Dark eyes sharpen as he peers down at me, and a cloud forms over his fine features. “You’re miserable doing this, aren’t you?”

I can’t deny it, so I look away. Between the folds of my skirt, his hand finds mine. He links our fingers together, giving me a slight tug so that I have to look up at him. I see the remorse in his eyes. “You are.”

“Macon . . .” I push away all my self-pity, ashamed that I let it show. “I’m fine.”

“No.” His grip becomes a little tighter. “You’re not. Let’s end this deal. Reopen your catering business, and do functions again. You can use the kitchen at the house until you get back on your feet.”

“No,” I say firmly. “We had a deal. I’m not running scared. I can take it.”

His brows lower. “I don’t want you to ‘take it.’ I was a dick to agree to any of this when I knew I was only doing it to give you a hard time.”

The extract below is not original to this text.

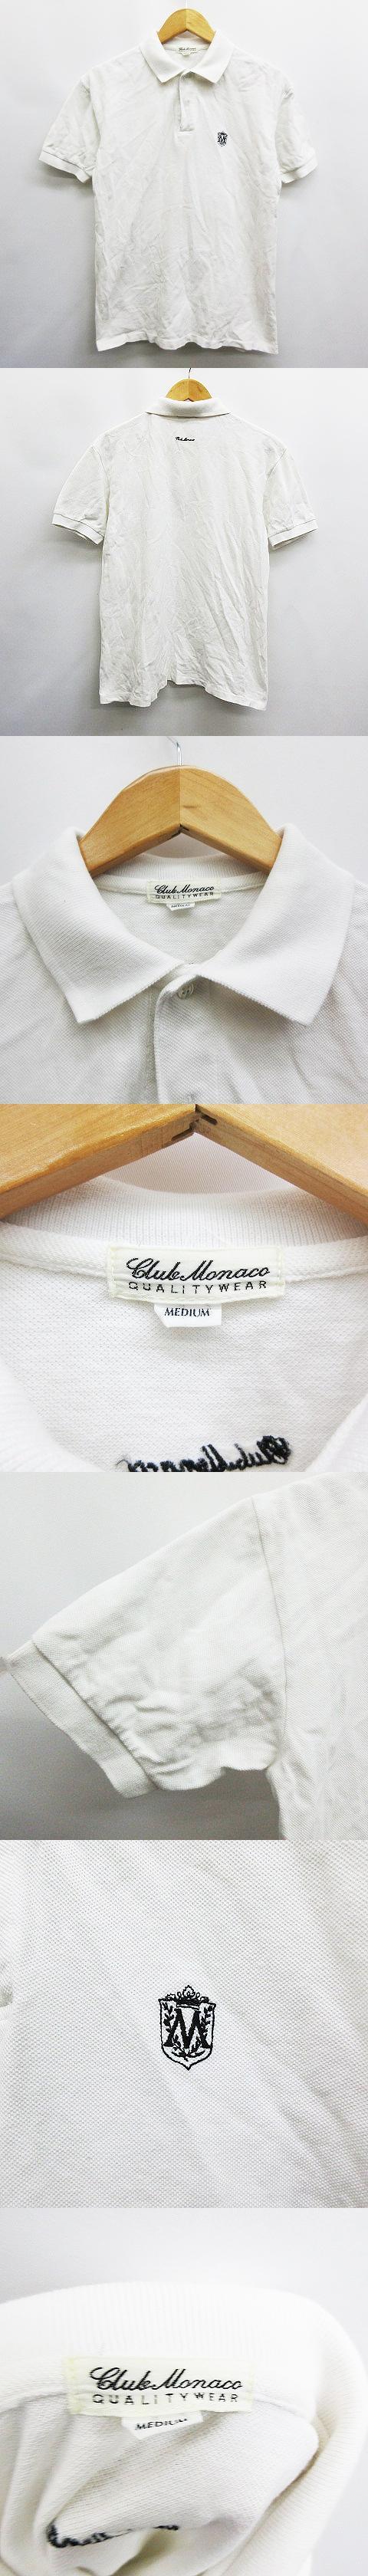 クラブモナコ CLUB MONACO ポロシャツ 半袖 ロゴ刺繍 綿 コットン 100% M 白 ホワイト系

Warmth runs over me like a balm. “It was my idea, and we both know it. I’m not leaving you in a lurch, Macon. It wouldn’t sit right.”

With a huff of clear frustration, he runs his free hand over his hair. “I don’t want this anymore,” he rasps, so low I almost miss it over the din of the crowd. “Not if it comes at the expense of your happiness.”

I don’t know what to say. Our arrangement sits like a cloud over us, but so does Sam’s theft. In the dark corners of my mind, I wonder if my reluctance has anything to do with Sam. Or if it’s all Macon.

“My happiness was never part of the equation,” I whisper, more to myself than to him.

Macon opens his mouth to retort but catches sight of something behind me, and his body jolts as if hit. Blood drains from his face, turning his skin the color of sun-dried mud. I step toward him, my fingers touching his wide wrist, and find his pulse racing.